Nammālvār himself signals the Tiruviruttam’s two interpenetrating frames by characterizing the poem as a v
iṇṇappam. Thus bracketed, the love poem (akapporuḷ) quite literally becomes akam (inner), enclosed in the embrace of the poem’s first verse and its final verse, the phala śruti. Yet this inner poem is also just the outer meaning: it is puram. The hidden inner (akam) meaning is secreted into these akam verses of the mundane puram world, embedded as god is embedded in Nammālvār, as Nammālvār is embedded within god. The task of the commentator is to draw together seamlessly the Tiruviruttam’s implicit meaning in the poem’s inner verses. In doing so, the poem’s inner meaning becomes public (after all, that’s the purpose of commentary), while the external shell is interred. To put it simply, akam is to svāpadeśa as puram is to anyāpadeśa, even as the akapporuḷ verses of the Tiruviruttam look to Caṅkam akam poetry for inspiration. To further extend the metaphor of akam and puram, the commentary becomes the poem’s public face mediating its inner worlds. But in the dance of akam and puram, whether within the Tiruviruttam or in how we approach Śrīvaiṣṇava commentary in general, they are not antagonists set against each other. They are complementary, fitting together as a jigsaw, each nestled into the other as svāpadeśa and anyāpadeśa, as poem and commentary.
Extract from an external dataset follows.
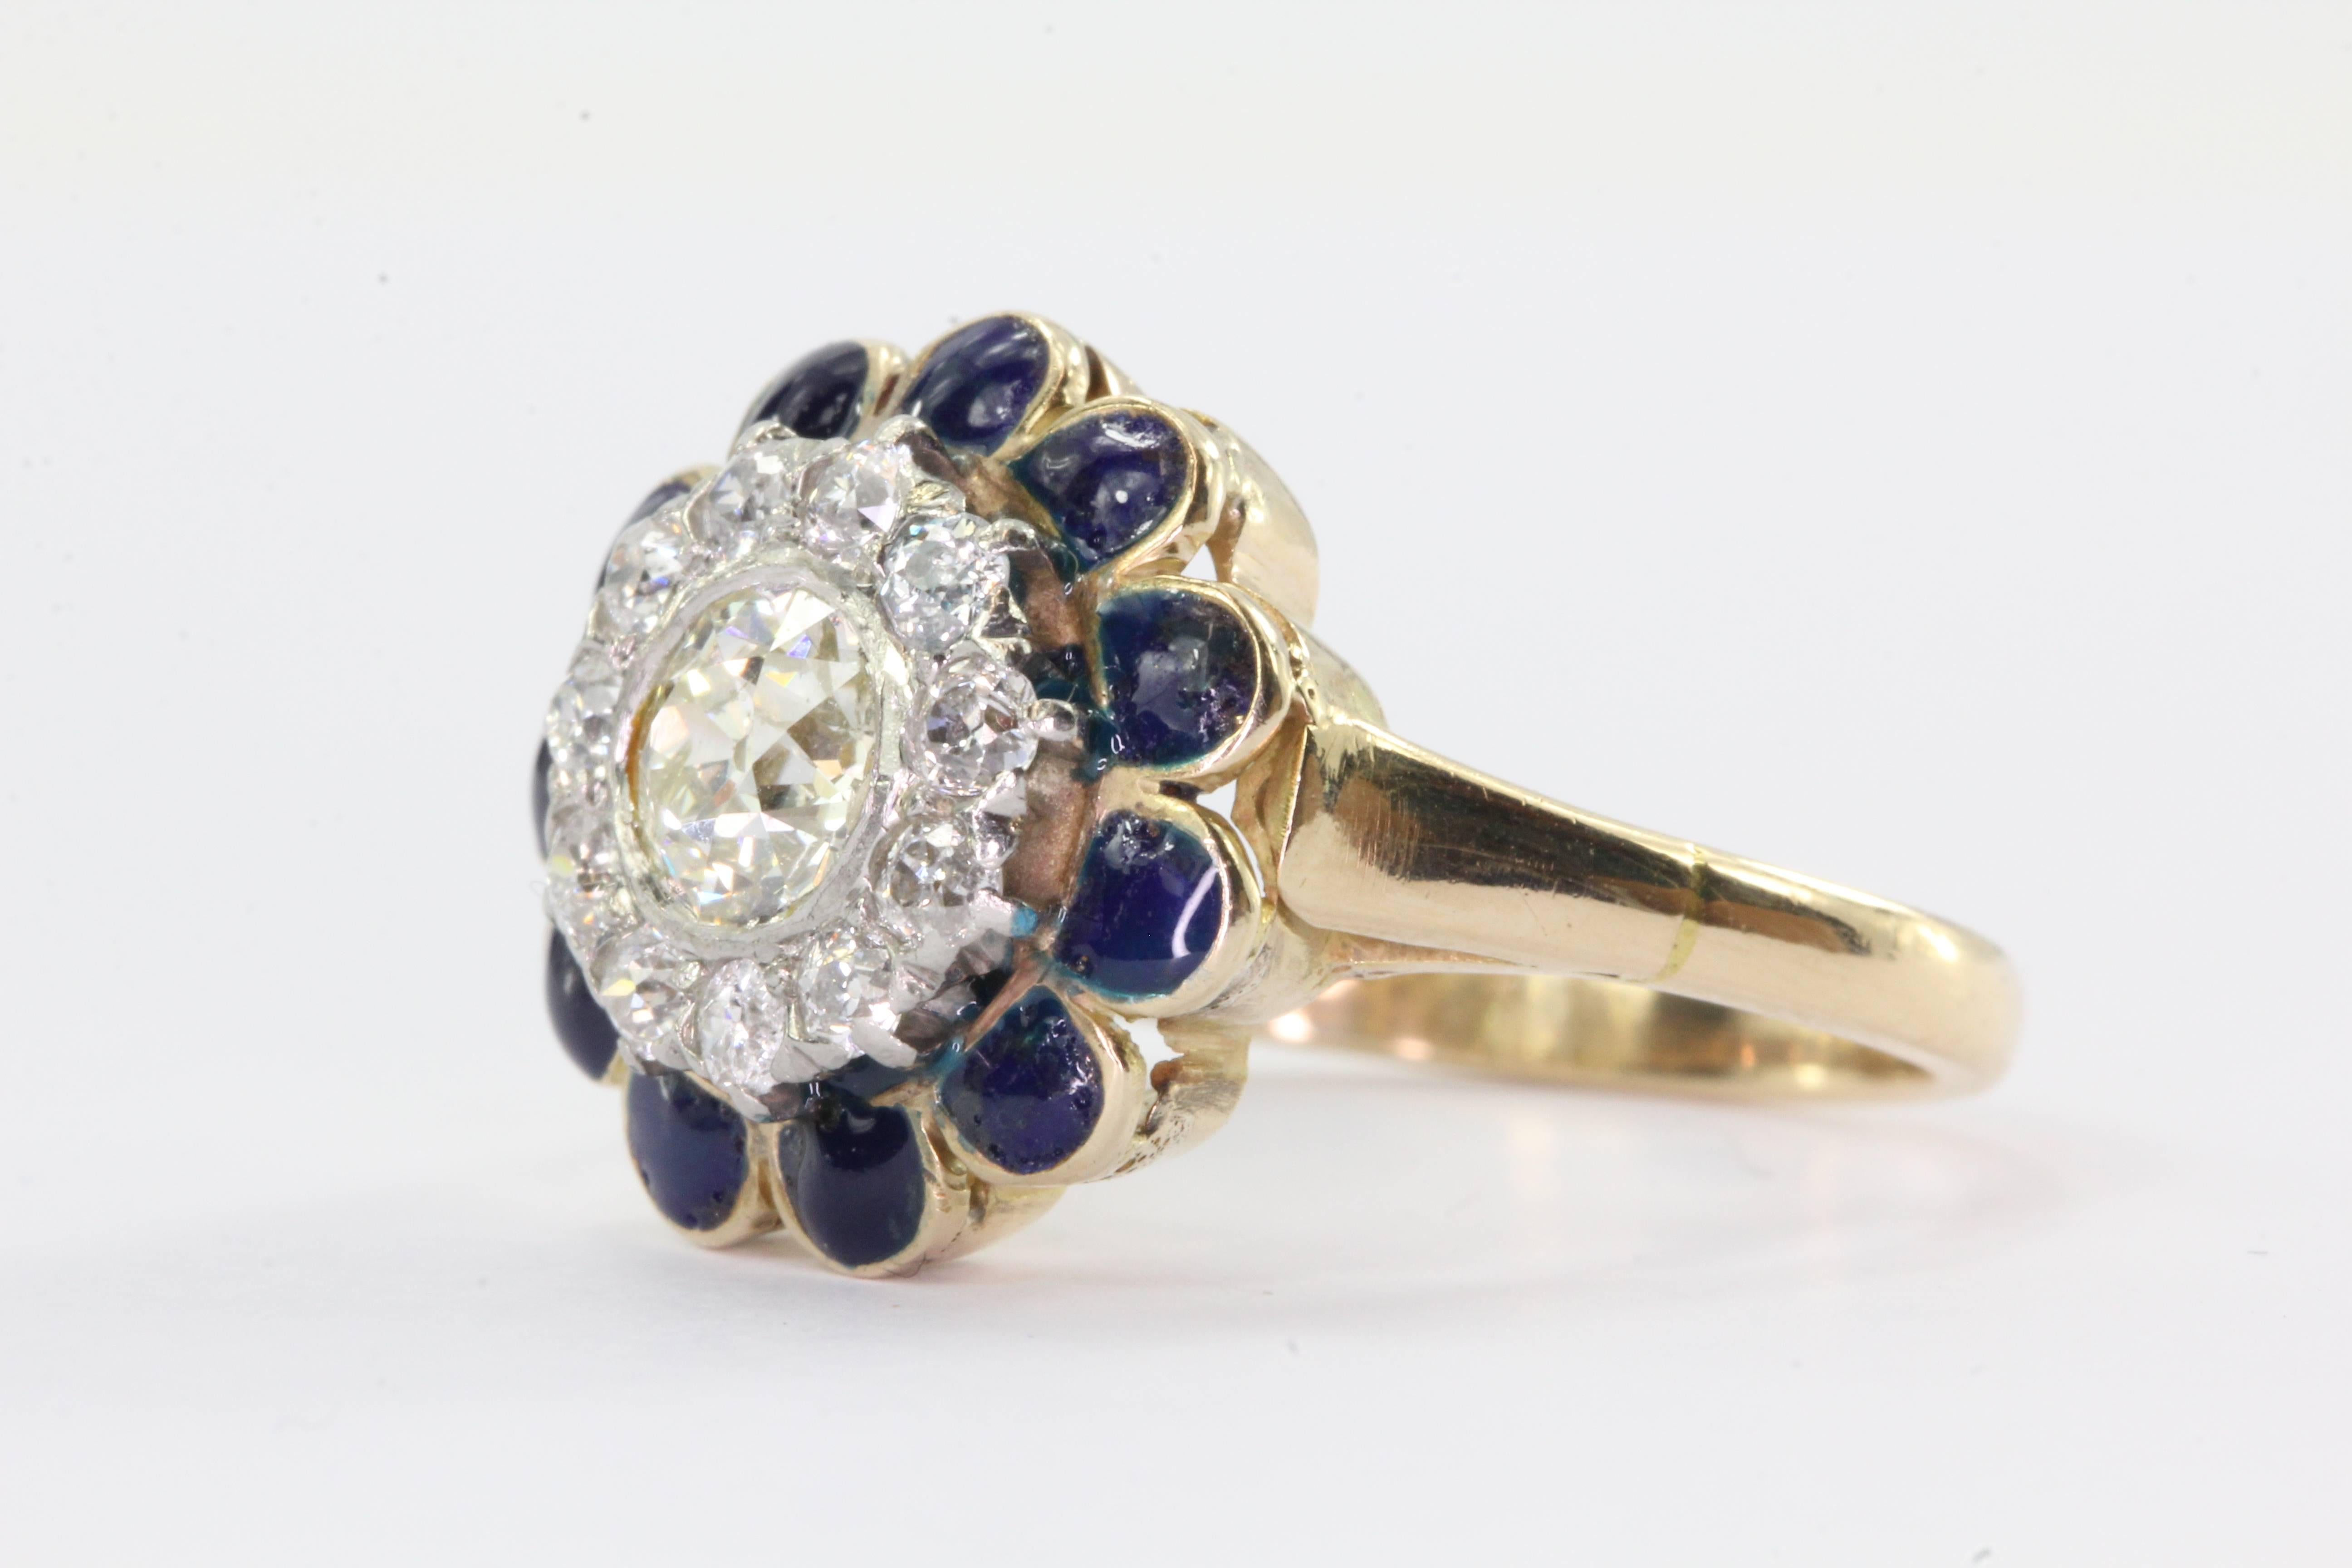 Antique Art Deco 14K Gold Old European Cut Diamond & Blue Enamel Ring. The ring is in excellent estate condition and ready to wear. The ring is hallmarked 14K. It is set with an approximately .54 carat, Si1 clarity, K color old European cut diamond

There are several important commentaries to the Tiruviruttam as befits Nammālvār’s status as the pre-eminent ālvār, but are far fewer than those composed for his Tiruvāymoli. Below I discuss the Tiruviruttam commentary authored by Periyavāccān Piḷḷai (b. 1128), the student of the formidable scholar Nampiḷḷai, and offer an example of Periyavāccān Piḷḷai’s commentary to a Tiruviruttam verse. I have chosen to focus on Periyavāccān Piḷḷai for several reasons. He is the only medieval commentator to compose commentaries on the entire Nālāyira Divya Prabandham, earning him the title vyākhyāna cakravarti (emperor of commentators). His writing also represents the maturation of Śrīvaiṣṇava Maṇipravāḷa prose discourse, and in many places (in his work on the Tiruviruttam and elsewhere) anticipates the internal philosophical differences that eventually lead several centuries later to a sectarian split. Finally, Piḷḷai’s commentarial voice is lively and energetic. His love for the Vālmīki Rāmāyaṇa expresses itself through an abundance of allusions to and citations from that text, while he demonstrates his erudition by also quoting liberally from Sanskrit scriptural sources. All of this sits comfortably beside references from the works of the ālvār and contemporary anecdotal evidence. Piḷḷai’s commentarial style is thorough and rigorous. In his Tiruviruttam commentary he takes care to elucidate the anyāpadeśa meaning by identifying the specific poetic situations, with colophonic statements such as ‘the friend comforts the heroine when the rains arrive’.111 He also attempts to establish narrative continuities within the text wherever possible. His commentary, composed in a dialogic style, is imaginative and thick with allusions. It also follows fairly closely the well-established contours that owe as much to literary commentators like Uraiyāciriyar as to philosophers and theologians writing in Sanskrit and Tamil.